CODEWITHSUNDEEP
sequences
Dheeraj Agarwal
Dheeraj Agarwal

Reputation: 71

Algorithm to measure similarity between two sequences of strings

How can I measure similarity-percentage between two sequences of strings?

I have two text files and In files there sequences are written like

First file:

AAA BBB DDD CCC GGG MMM AAA MMM

Second file:

BBB DDD CCC MMM AAA MMM

How to measure similarity between these two files in terms of order of strings?

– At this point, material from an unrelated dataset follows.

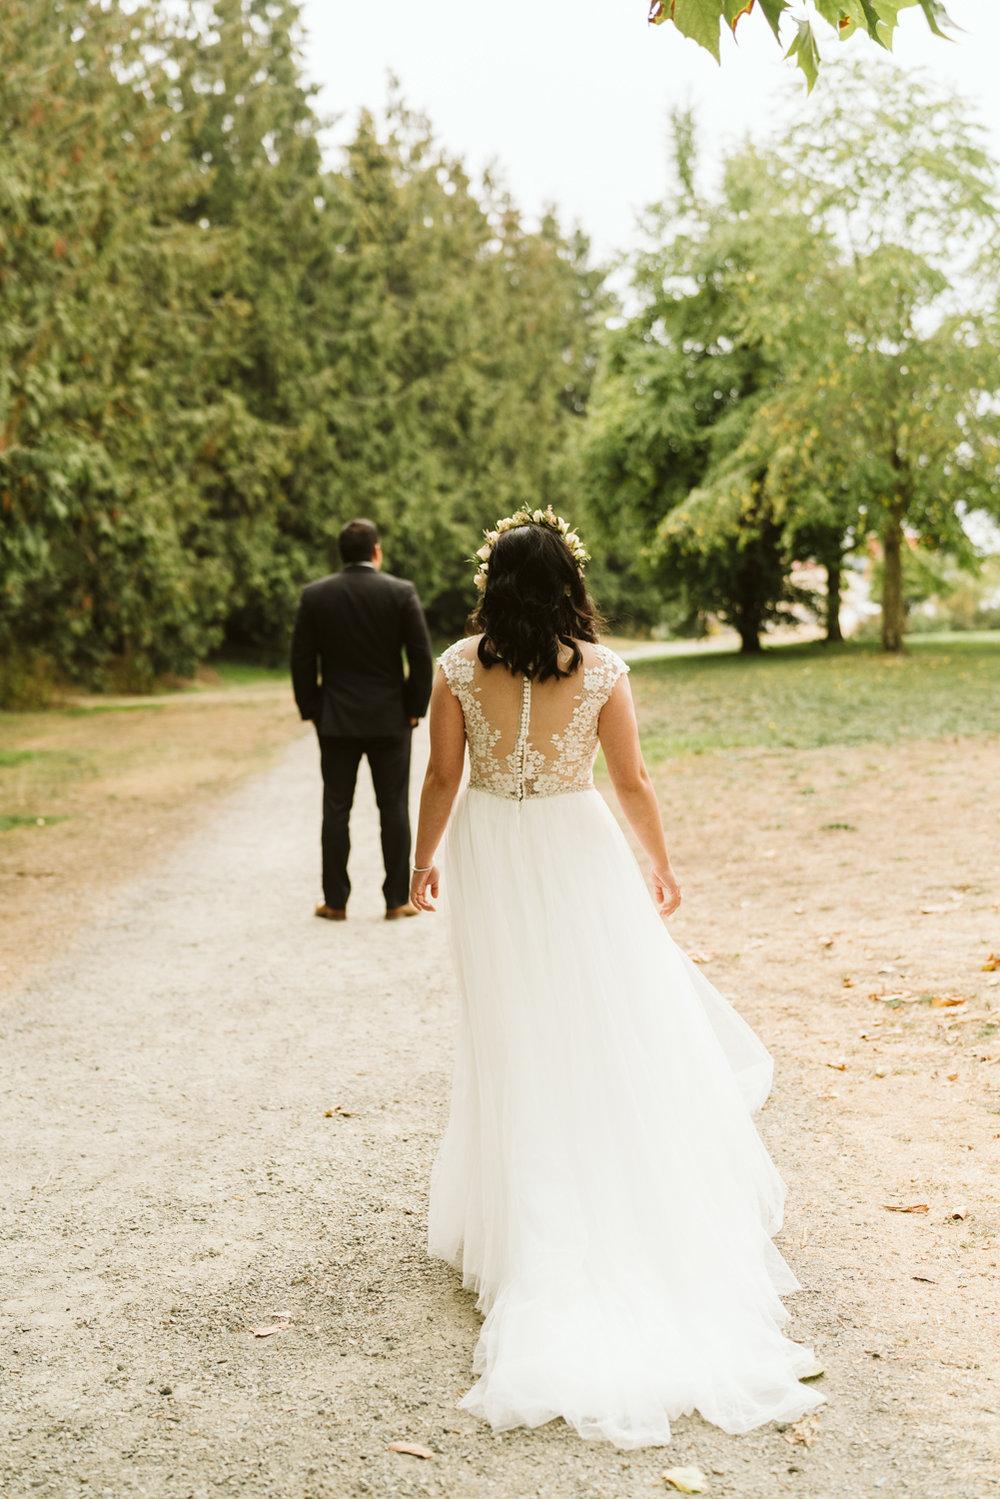 April Yentas Photography - Nina & Chris slideshow-2.jpg

For example in above example both files have similarity due to order of strings is same however some strings are missing in file-2. What algorithm is best suitable to solve this problem so that I can measure how similar is order of strings not frequency of strings in two?

Upvotes: 7

Views: 3682

Answers (2)

AubreHarmon
AubreHarmon

Reputation: 61

You can use python's SequenceMatcher.ratio function which measures the sequences similarity as a float in the range [0, 1]. If T is the total number of elements in both sequences, and M is the number of matches, this is 2.0 * M / T. The main code is as follows:

from difflib import SequenceMatcher
text1 = 'AAA BBB DDD CCC GGG MMM AAA MMM'
text2 = 'BBB DDD CCC MMM AAA MMM'
s = SequenceMatcher(None, text1, text2)
similarity = s.ratio() * 100

I hope this could help you!

Upvotes: 6

alexn
alexn

Reputation: 58962

You could use the Levenstein Distance algorithm. It analyzes how many edits that is needed to transform one string into another. This article explains it pretty well, and a sample implementation is provided.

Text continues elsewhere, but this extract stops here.